Rise of the American Medical Association in The Ethical Foundations of Professionalism

medical licensureFor the first half of the 20th century, the American Medical Association (AMA) wielded extraordinary power in American society. What the AMA wanted, it usually got. Founded in 1846, the AMA lacked power for its first half century. Arguably, its power has waned considerably in the second half of the 20th century. The reasons for its rise and its decline help us to understand the position of the medical profession in the early 21st century.

The AMA program in 1850 could have been taken directly from the medieval guild archives: to raise, and standardize, the requirements for practicing medicine. It did not get very far for several reasons. First, the AMA lacked money because few joined, and it therefore could not sustain a presence between its annual meetings. For the same reason, it could not speak for the profession. Medical schools, embroiled in their own internal politics, paid scant attention to AMA calls for higher standards of medical education. Worst of all, the AMA lacked authority over its members. Had a license been required to practice medicine, the AMA might have gained power more quickly by arrogating the power to set the standards for licensure.
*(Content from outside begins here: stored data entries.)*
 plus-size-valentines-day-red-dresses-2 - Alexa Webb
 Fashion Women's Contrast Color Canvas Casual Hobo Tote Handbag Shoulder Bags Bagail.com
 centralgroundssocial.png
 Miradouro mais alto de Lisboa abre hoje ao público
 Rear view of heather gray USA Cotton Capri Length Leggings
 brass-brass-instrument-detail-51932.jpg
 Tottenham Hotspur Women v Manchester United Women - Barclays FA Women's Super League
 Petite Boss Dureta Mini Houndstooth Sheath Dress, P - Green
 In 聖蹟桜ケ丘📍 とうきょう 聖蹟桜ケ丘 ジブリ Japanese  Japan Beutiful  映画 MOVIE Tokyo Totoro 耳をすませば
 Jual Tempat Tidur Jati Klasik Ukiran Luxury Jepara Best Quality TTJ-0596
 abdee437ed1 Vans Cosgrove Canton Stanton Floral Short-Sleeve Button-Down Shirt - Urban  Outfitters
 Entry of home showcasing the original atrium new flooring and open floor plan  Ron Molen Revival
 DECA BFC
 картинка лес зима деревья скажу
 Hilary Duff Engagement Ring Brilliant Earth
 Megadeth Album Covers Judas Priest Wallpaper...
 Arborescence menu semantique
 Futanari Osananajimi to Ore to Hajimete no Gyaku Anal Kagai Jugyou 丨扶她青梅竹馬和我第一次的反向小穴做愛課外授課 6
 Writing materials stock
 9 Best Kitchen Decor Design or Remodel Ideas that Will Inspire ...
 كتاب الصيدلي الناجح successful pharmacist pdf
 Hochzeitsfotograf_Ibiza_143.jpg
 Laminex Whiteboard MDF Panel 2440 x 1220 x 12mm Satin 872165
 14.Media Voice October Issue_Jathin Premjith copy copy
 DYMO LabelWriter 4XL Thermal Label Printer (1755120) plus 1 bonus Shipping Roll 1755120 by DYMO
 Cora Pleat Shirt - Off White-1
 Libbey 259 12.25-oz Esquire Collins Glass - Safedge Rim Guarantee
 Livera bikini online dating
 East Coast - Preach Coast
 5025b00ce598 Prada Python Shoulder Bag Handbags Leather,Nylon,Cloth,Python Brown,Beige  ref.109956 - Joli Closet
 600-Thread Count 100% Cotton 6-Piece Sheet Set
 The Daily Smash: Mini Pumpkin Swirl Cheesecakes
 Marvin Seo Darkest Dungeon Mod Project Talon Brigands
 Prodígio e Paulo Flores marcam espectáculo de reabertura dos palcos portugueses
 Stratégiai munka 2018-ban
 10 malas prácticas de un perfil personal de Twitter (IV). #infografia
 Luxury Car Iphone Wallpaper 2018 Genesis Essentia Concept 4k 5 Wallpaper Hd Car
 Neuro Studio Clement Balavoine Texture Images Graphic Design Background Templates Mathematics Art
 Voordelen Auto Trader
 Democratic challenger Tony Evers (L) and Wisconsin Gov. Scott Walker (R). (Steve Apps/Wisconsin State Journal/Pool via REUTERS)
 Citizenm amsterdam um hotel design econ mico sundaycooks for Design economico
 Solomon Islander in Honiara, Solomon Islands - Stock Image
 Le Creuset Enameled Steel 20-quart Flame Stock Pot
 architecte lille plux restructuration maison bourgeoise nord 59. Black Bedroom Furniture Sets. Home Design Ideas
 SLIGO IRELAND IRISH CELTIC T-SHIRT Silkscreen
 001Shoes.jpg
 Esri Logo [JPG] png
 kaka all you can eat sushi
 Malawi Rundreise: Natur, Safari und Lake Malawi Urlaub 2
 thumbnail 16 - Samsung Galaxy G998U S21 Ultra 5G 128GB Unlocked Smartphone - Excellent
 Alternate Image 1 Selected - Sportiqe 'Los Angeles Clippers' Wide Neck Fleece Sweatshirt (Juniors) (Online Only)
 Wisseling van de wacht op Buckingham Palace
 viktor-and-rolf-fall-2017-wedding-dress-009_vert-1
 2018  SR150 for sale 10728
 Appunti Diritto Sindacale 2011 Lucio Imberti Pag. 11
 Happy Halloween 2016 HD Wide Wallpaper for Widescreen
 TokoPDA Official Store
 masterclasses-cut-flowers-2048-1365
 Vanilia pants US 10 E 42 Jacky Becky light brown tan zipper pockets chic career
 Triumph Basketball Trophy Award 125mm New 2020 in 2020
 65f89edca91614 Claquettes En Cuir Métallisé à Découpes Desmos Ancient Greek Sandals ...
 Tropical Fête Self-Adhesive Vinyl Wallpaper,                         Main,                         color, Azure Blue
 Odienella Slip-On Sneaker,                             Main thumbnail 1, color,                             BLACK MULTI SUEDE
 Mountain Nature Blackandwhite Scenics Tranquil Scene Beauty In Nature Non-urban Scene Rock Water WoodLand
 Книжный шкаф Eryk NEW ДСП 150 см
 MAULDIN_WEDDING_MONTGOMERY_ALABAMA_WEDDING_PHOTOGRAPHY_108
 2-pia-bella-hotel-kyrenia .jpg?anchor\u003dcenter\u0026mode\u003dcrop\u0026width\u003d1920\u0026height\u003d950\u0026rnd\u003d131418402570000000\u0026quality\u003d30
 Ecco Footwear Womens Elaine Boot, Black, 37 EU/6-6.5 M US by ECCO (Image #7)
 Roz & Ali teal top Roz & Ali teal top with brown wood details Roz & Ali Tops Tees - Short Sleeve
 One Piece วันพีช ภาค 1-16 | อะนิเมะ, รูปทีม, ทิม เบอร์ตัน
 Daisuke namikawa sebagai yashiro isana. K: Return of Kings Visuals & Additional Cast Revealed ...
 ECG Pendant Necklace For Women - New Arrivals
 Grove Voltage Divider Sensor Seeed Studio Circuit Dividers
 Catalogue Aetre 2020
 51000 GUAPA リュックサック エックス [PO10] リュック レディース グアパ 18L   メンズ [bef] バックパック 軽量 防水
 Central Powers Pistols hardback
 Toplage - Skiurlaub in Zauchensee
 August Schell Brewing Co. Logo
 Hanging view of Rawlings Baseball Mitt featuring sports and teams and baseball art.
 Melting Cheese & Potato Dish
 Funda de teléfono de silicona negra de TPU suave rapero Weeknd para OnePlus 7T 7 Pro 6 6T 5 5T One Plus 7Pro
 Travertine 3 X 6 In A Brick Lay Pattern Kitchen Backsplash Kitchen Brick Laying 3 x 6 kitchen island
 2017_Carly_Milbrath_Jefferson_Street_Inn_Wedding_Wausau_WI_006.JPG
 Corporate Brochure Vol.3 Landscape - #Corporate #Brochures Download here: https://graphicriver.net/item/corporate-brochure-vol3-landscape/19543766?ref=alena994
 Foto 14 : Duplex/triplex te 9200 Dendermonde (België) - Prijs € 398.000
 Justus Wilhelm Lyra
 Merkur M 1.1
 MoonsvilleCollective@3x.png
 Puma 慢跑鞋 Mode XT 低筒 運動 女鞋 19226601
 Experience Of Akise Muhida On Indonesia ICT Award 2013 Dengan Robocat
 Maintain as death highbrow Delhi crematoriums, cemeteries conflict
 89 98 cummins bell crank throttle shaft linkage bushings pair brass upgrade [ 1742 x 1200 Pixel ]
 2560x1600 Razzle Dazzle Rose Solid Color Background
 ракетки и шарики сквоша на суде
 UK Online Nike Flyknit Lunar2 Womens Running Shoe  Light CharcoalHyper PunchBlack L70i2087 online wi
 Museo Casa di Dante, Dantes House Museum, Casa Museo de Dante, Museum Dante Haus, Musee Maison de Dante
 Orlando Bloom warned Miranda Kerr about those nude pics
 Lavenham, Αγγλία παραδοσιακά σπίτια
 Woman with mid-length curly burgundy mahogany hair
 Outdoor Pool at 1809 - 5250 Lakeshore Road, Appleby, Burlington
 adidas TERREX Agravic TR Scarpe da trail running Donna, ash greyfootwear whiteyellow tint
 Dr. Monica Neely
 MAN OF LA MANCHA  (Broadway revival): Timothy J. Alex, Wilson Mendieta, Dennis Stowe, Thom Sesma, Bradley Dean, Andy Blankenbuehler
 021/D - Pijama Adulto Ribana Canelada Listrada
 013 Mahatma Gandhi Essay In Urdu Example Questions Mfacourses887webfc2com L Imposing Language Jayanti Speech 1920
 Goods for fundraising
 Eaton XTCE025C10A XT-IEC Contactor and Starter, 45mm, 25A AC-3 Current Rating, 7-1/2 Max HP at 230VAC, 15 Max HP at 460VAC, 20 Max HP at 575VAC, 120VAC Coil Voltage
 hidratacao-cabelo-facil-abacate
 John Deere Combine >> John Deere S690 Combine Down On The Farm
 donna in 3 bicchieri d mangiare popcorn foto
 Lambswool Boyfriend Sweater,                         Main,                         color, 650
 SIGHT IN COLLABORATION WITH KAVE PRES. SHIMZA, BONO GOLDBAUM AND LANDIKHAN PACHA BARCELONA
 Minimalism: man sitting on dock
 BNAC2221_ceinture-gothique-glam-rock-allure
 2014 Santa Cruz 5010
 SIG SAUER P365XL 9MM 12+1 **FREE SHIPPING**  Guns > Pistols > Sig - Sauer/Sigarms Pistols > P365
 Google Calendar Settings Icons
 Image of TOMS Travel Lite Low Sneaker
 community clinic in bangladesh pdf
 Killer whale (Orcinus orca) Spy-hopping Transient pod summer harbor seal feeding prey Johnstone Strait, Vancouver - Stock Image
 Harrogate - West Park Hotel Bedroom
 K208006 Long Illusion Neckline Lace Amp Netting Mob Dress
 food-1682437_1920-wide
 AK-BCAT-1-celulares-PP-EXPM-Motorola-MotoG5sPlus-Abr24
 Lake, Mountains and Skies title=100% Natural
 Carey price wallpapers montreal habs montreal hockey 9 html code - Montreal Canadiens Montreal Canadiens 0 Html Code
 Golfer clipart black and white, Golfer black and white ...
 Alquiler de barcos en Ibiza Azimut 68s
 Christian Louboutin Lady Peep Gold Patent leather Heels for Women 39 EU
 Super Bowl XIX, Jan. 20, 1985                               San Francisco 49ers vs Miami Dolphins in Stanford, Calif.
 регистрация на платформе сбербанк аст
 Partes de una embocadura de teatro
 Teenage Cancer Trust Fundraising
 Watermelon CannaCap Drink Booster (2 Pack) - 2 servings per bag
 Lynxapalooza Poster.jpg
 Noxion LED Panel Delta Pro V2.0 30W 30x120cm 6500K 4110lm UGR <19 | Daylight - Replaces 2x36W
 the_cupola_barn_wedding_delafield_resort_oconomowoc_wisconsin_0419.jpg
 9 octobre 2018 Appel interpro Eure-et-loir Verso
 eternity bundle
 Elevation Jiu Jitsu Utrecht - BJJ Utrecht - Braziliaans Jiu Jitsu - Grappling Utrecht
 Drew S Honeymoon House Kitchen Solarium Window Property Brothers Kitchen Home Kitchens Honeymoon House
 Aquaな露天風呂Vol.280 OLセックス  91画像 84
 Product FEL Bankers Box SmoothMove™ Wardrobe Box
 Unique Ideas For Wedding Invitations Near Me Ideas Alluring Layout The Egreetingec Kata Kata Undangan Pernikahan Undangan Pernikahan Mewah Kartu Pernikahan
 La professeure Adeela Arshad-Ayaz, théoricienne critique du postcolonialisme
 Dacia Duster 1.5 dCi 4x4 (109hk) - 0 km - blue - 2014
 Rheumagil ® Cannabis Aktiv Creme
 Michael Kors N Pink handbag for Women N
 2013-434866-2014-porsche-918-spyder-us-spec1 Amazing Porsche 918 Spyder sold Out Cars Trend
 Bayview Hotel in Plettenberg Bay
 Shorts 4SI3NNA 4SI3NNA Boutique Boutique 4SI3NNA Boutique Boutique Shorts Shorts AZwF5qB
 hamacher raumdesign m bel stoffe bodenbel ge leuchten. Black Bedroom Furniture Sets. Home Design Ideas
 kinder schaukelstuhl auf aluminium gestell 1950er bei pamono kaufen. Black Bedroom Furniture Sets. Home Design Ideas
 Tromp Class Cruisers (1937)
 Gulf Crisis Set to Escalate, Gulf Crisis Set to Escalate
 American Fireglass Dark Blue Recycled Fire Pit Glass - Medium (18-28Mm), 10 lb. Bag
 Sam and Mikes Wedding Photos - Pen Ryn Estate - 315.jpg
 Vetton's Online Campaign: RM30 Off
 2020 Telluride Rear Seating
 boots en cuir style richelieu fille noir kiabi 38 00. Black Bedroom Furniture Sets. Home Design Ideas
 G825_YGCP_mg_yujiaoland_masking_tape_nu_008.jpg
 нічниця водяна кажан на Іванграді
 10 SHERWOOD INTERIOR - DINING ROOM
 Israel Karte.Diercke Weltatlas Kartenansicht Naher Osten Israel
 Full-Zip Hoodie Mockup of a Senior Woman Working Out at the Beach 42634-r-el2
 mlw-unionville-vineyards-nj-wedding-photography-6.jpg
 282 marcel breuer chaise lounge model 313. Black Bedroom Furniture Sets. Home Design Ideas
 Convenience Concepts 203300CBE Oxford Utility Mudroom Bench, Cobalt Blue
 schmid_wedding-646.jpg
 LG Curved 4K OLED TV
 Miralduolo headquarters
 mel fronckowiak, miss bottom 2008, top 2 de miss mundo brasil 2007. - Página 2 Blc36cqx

In the second half of the 19th century, the AMA grew very slowly and lacked the power to win battles with nontraditional practitioners, such as homeopaths. The AMA began to grow when it reorganized itself as a confederation of state medical societies. County medical societies were becoming tight-knit organizations whose members protected other members from malpractice judgments by refusing to testify for the plaintiff. Members also sat on the governance committees that decided who could admit patients to a community hospital. Physicians joined the county medical societies to protect their interests. State medical societies began to grow when the AMA ruled that physicians who became members of the county medical society or the AMA would thereby become members of the state medical association. As the state medical societies grew, they became politically influential, which was all-important because the state legislatures established the laws that governed medical practice (such as medical licensure). By the beginning of the 20th century, states had medical licensure laws, and AMA members controlled the state licensure boards. In licensure, the profession in effect acted as the agent of the state.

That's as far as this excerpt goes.